2. Penelitian Matan Hadis Dalam penelitian terhadap hadis tidak cukup hanya
dengan penelitian sanad saja tapi mengabaikan matan. Karena keduanya
merupakan satu kesataun jika sanad sebagai pembawa berita dan matan
adalah beritanya. Sejak pertengahan abad kesembilan belas para pemikir
Muslim menghadapi banyak tantangan berulang terhadap gagasan Islam
klasik tentang autoritas keagamaan. Pergolakan di dunia Muslim telah
mendorong meluasnya pengujian kembali sumber-sumber klasik hukum
Islam karena orang muslim telah berjuang untuk memelihara, menyesuaikan
atau mendefinisikan kembali norma-norma sosial dan menghadapi kondisi
yang berubah (Daniel W. Brown, 2000).
Seperti halnya dengan pesan Tuhan yang absolut dan universal yang
hadir dalam latar belakang sejarah dan pengambilan fokus sejarah dan
mengambil fokus bahasa dan tulisan, maka tidak bisa tidak ia harus hadir
dalam warna partikular, sekalipun pesannya tetap absolut dan universal.
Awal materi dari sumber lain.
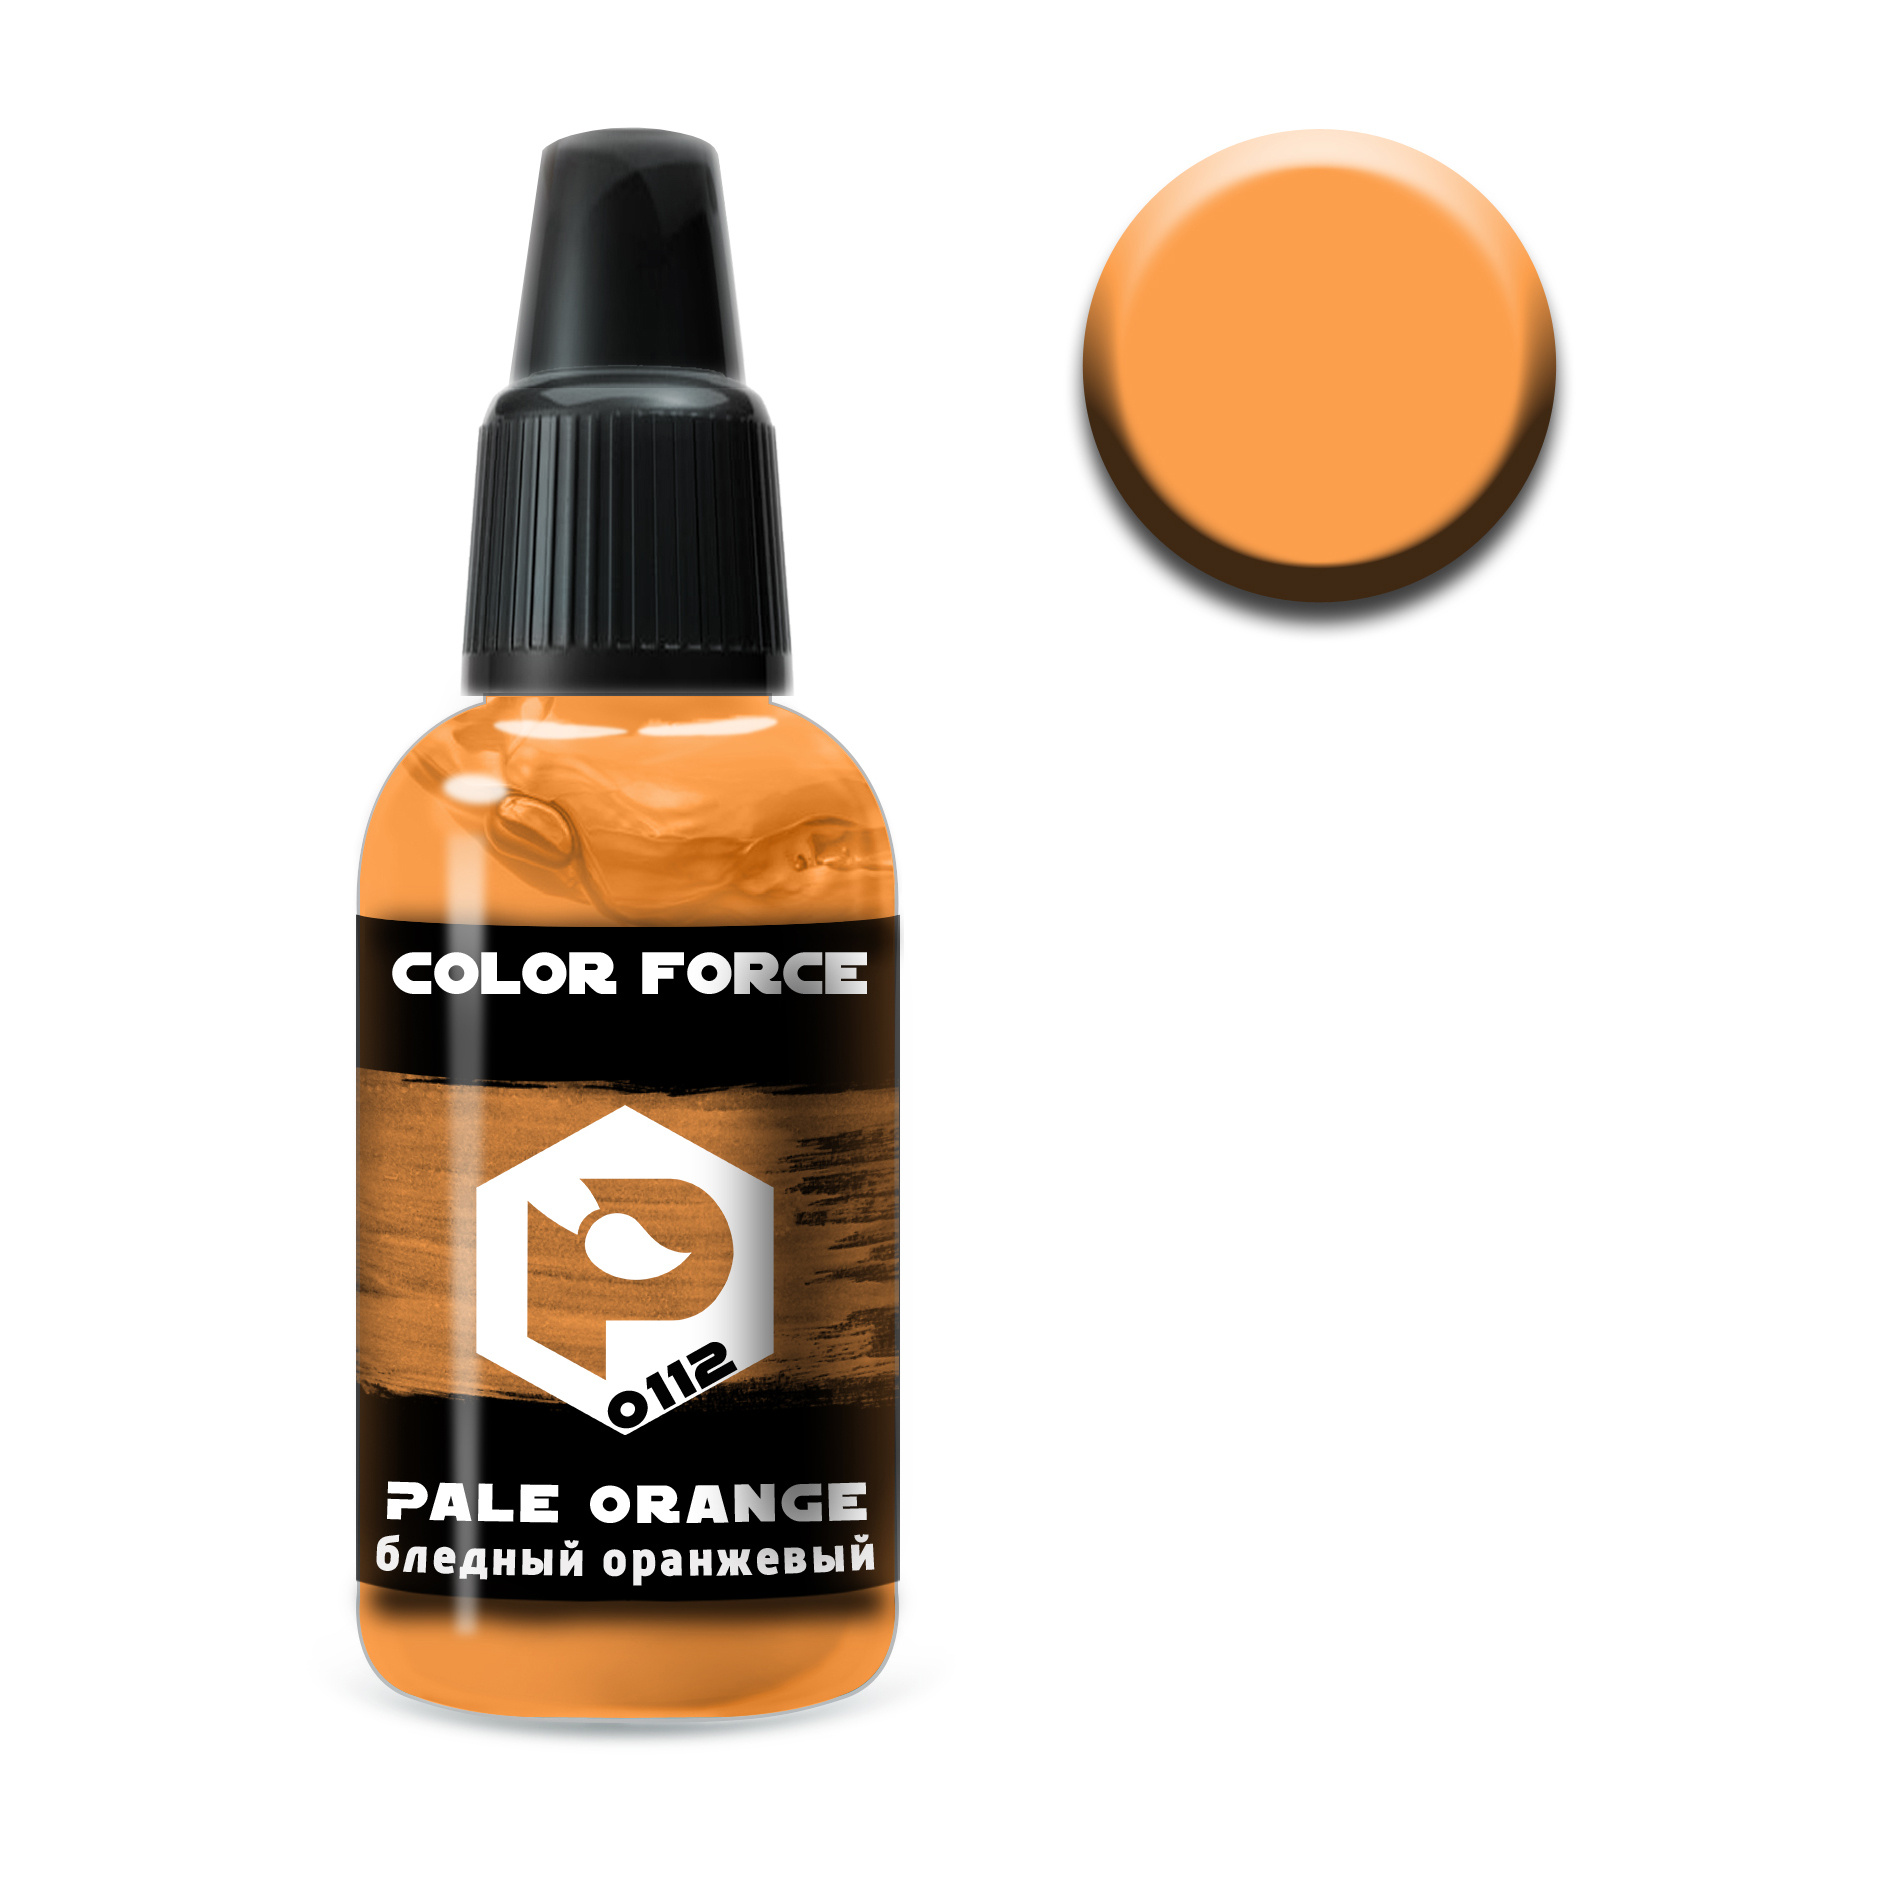 art.0112 Pacific88 airbrush Paint Pale orange (Pale orange)

Lalu,
karena perjalanan sejarah yang panjang tidak menutup kemungkinan bagi
para penganutnya, terutama kalangan agamawan untuk melakukan
interpretasi terhadap kitab suci. Interpretasi yang terlalu liberal bisa saja
terlalu melenceng dari doktrin tauhid yang sesungguhnya, sehingga doktrin
tauhid yang semula masih murni dan sederhana lalu berubah oleh tangan-
tangan manusia yang tidak terkendali (Yunasril Ali, 2012).
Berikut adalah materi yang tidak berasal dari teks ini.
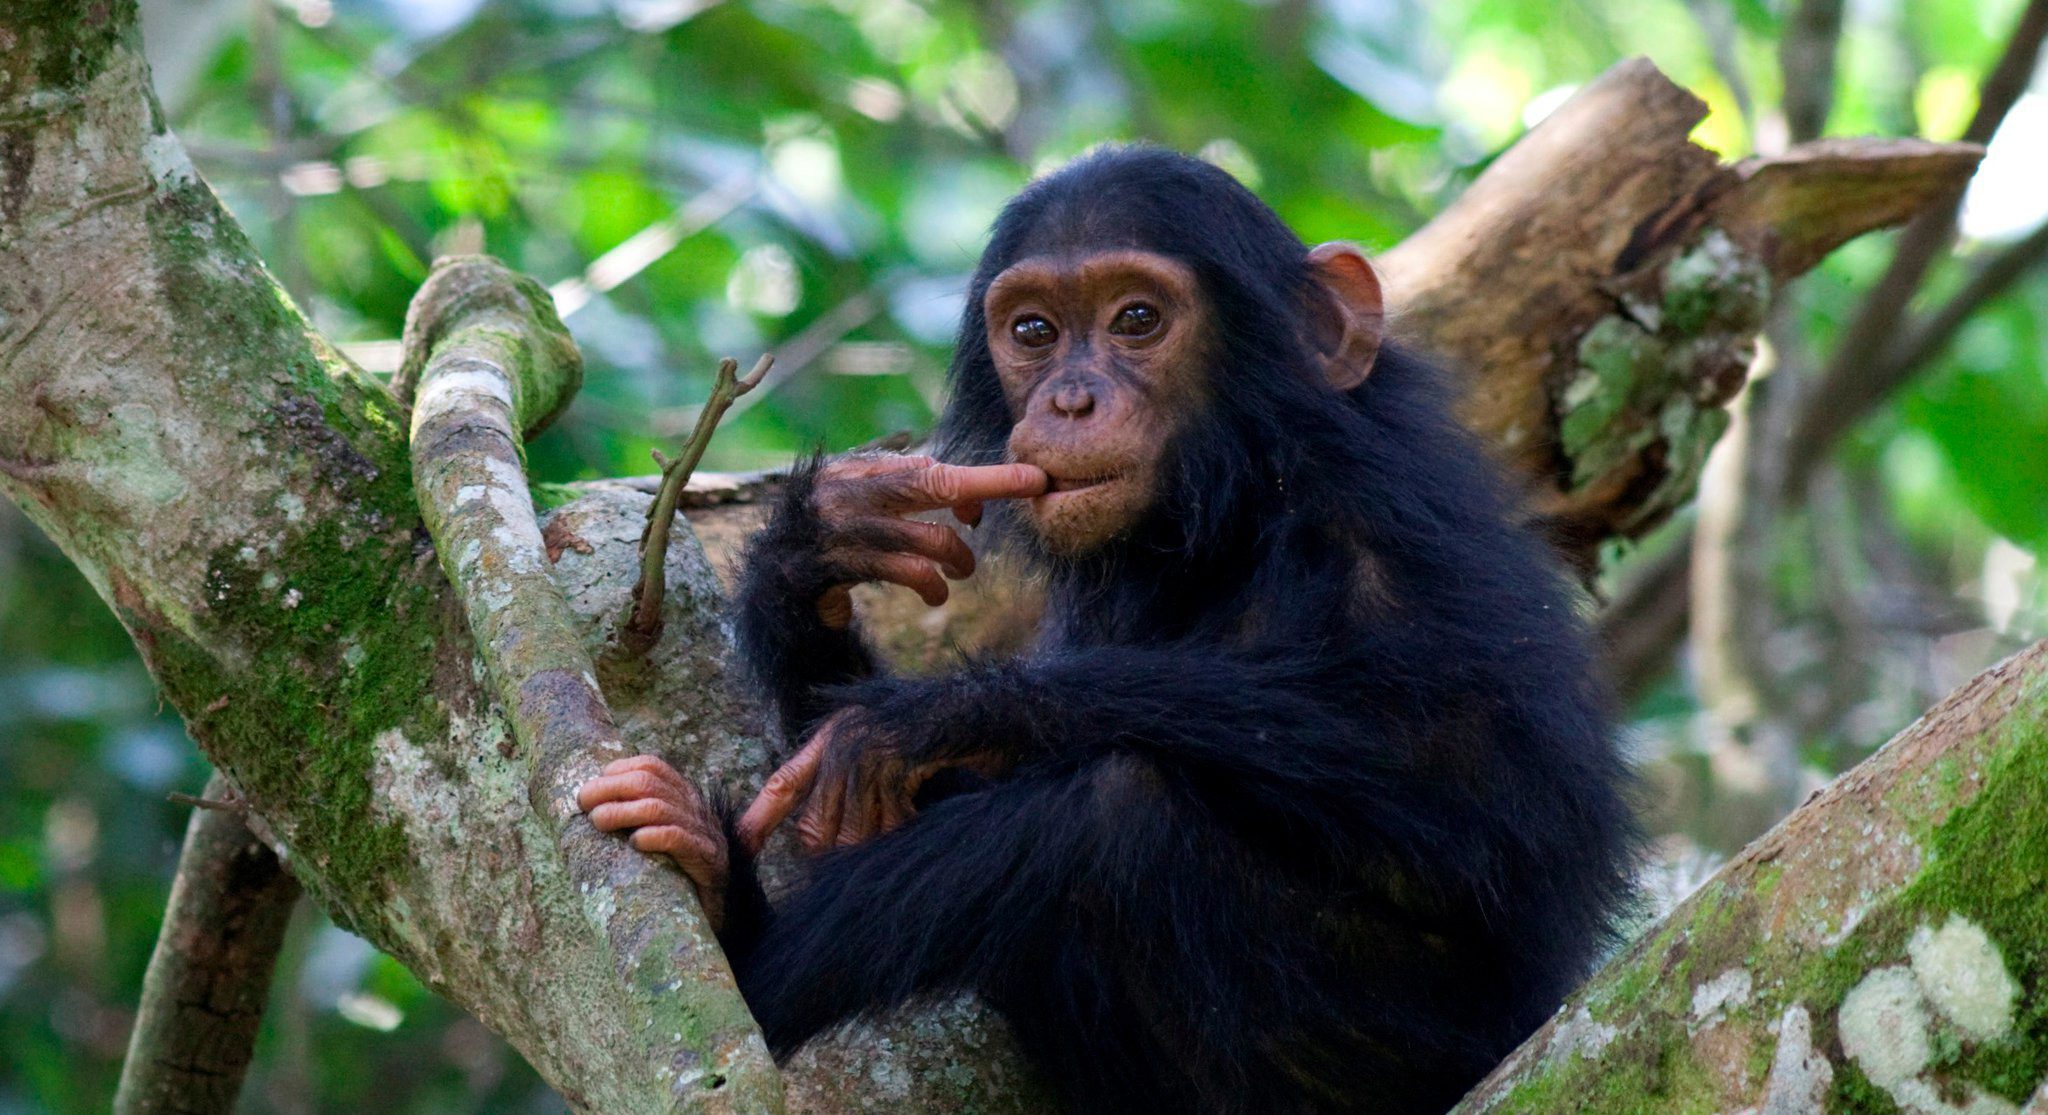 chimpanzee baby in a tree seen on a chimpanzee trek in Africa

Hal ini juga terjadi ketika kita berbicara pada ranah hadis, dalam
menyikapi matan hadis ada yang membaca hadis dengan sangat tekstual saja
sehingga hadis yang dibaca menjadi sangat sempit dan reterlek. Sedangkan
ada pula yang membaca hadis dengan pembacaan yang sangat kontekstual
dan tidak jarang jauh dari teksnya itu sendiri sehingga pembacaannya pun
menjadi luas namun tidak jarang kabur dari makna yang sebenarnya.
Tujuan pokok penelitian hadits, baik dari segi sanad maupun matan adalah
untuk mengetahui kualitas hadits yang diteliti. Kualitas hadits sangat perlu
diketahui dalam hubungannya dengan kehujahan hadits yang bersangkutan.
Hadits yang kualitasnya tidak memenuhi syarat dan tidak dapat digunakan
sebagai hujjah. Pemenuhan syarat itu diperlakukan karena hadits merupakan
salah satu sumber ajaran Islam. Penggunaan hadits yang tidak memenuhi syarat
akan mengakibatkan ajaran Islam tidak sesuai dengan apa yang seharusnya.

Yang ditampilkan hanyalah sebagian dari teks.